Adjectieven en equivalenten
 
[ 14·4·6·1 ]
 
Als in de vierde positie een bepaald hoofdtelwoord staat, dan kan er een lidwoord, genitief of voornaamwoord (in de tweede positie) gevolgd door een rangtelwoord (in de derde positie) aan voorafgaan (zie (1a)). Het rangtelwoord kan er echter ook op volgen. Het is dan een voorbepaling bij de kern van de naamwoordelijke constituent (zie (1b)). Vergelijk:

(1a) De eerste drie kinderen (kregen een prijs.)
(1b) De drie eerste kinderen (kregen een prijs.)

Tussen beide constructies bestaat er een betekenisverschil. In (1a) gaat het om één groep kinderen, waarvan de nummers één, twee en drie een prijs kregen. In (1b) gaat het daarentegen over drie groepen kinderen waarvan telkens het eerste kind uit de reeks een prijs kreeg. Met die betekenis is alleen de constructie mogelijk waarin het rangtelwoord voorbepaling is bij de kern. In de praktijk komt deze laatste constructie ook voor in de betekenis van (1a), maar dit gebruik is niet aan te bevelen omdat daardoor misverstand over de precieze bedoeling kan ontstaan.
     In de derde positie kan behalve een rangtelwoord ook een andere adjectivische constituent voorkomen, meestal een overtreffende trap, bijv.:

(2) de oudste twee kinderen
(3) de beste drie kandidaten

Deze adjectivische constituent kan dan ten opzichte van de combinatie bepaald hoofdtelwoord + substantief beperkend gebruikt worden en krijgt soms (met name als het geen overtreffende trap betreft) een extra accent (bijv. een contrastaccent). Met behoud van dat accentpatroon kan in dergelijke gevallen de adjectivische constituent ook als voorbepaling van de kern in de naamwoordelijke constituent optreden. Vergelijk bijv. met elkaar:

(4a) Die gáve twee delen (houd ik, maar die kapótte (twee delen) stuur ik terug.)
(4b) Die twee gáve delen (houd ik, maar die (twee) kapótte (delen) stuur ik terug.)

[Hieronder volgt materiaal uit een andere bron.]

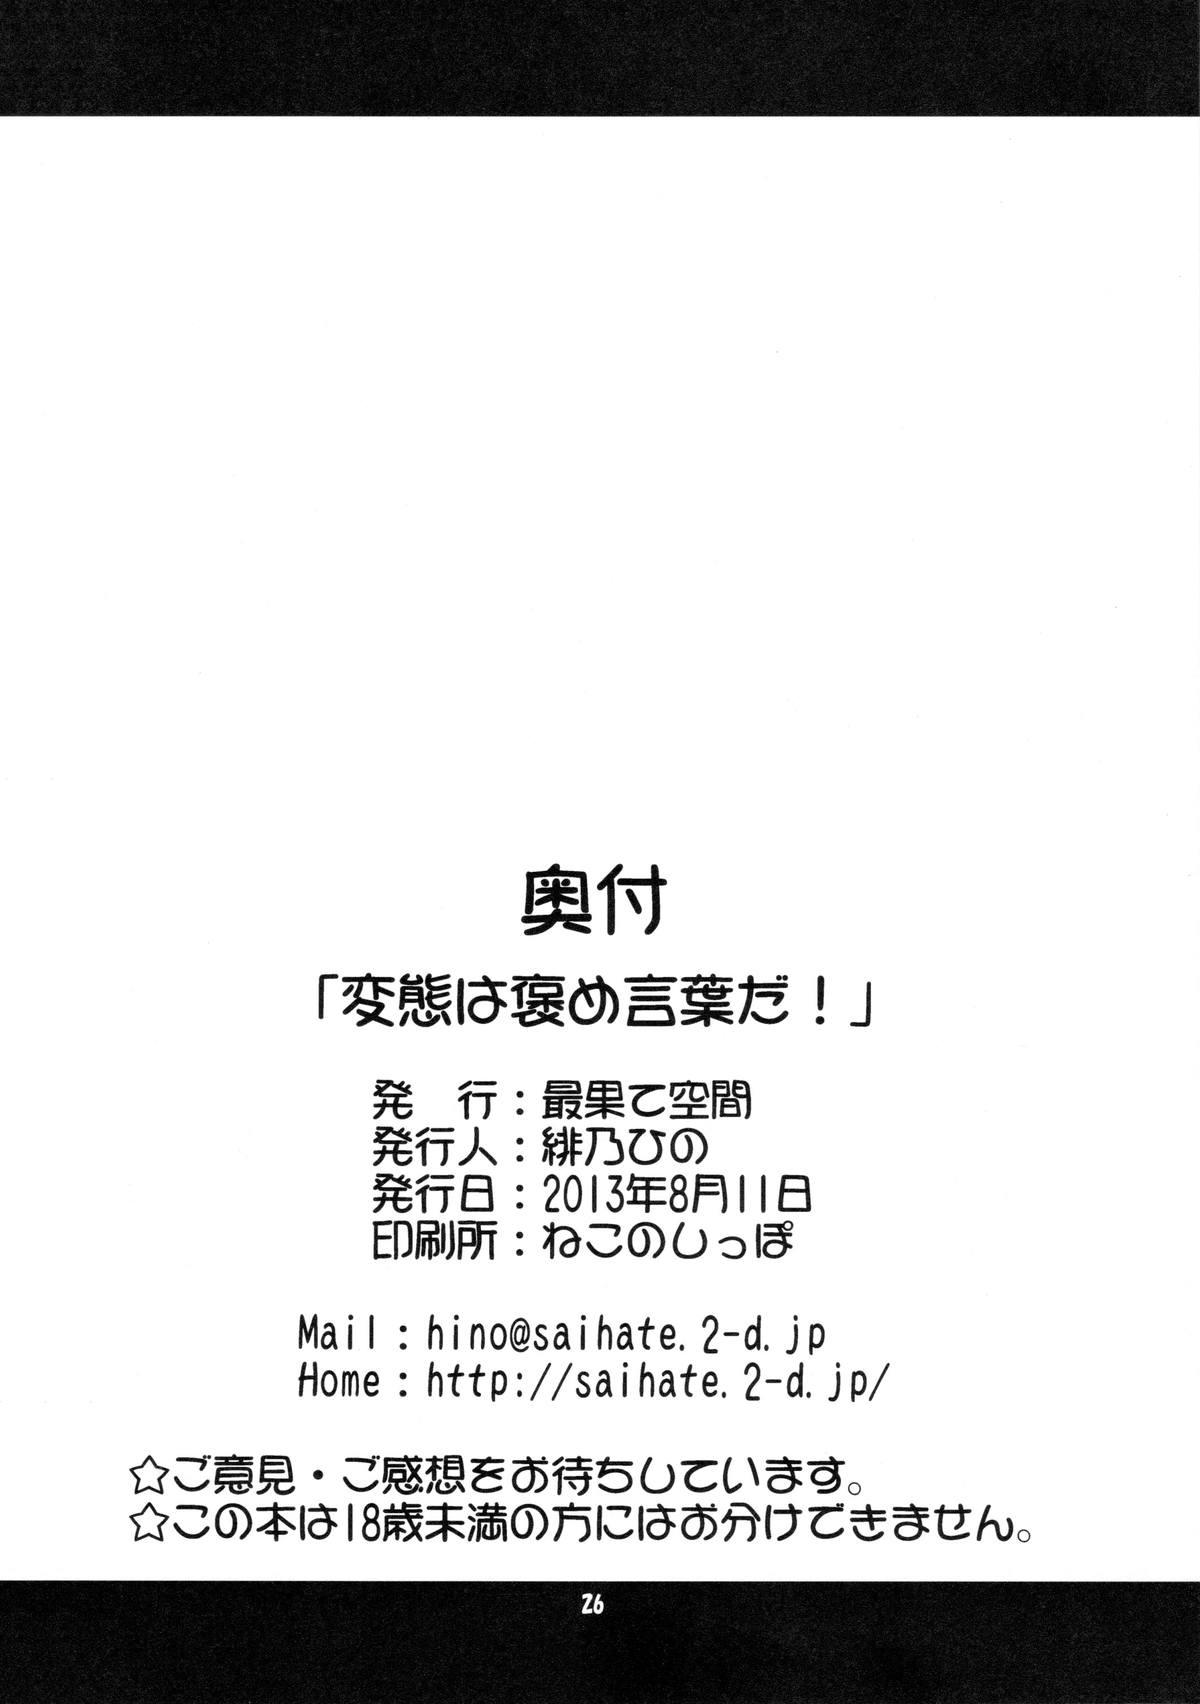 Bdsm HENTAI wa Home Kotoba da! - "HENTAI" is a eulogy! - Hentai ouji to warawanai neko Boots - Page 25

Heeft de zin betrekking op twee gelijke groepen van zelfstandigheden (twee keer twee delen), dan is zowel de volgorde van (4a) als die van (4b) mogelijk. Gaat het daarentegen over ongelijke groepen (bijv. twee delen tegenover een heleboel andere), dan is alleen de volgorde uit (4b) mogelijk. Vergelijk met (4a) in dit verband de volgende zin, waarin het telwoord één in de derde positie van de determinator adjectivisch gebruikt is en waarin alleen maar van twee paren sprake kan zijn:

(5) Die ene twee delen (houd ik, maar die andere (twee delen) stuur ik terug.)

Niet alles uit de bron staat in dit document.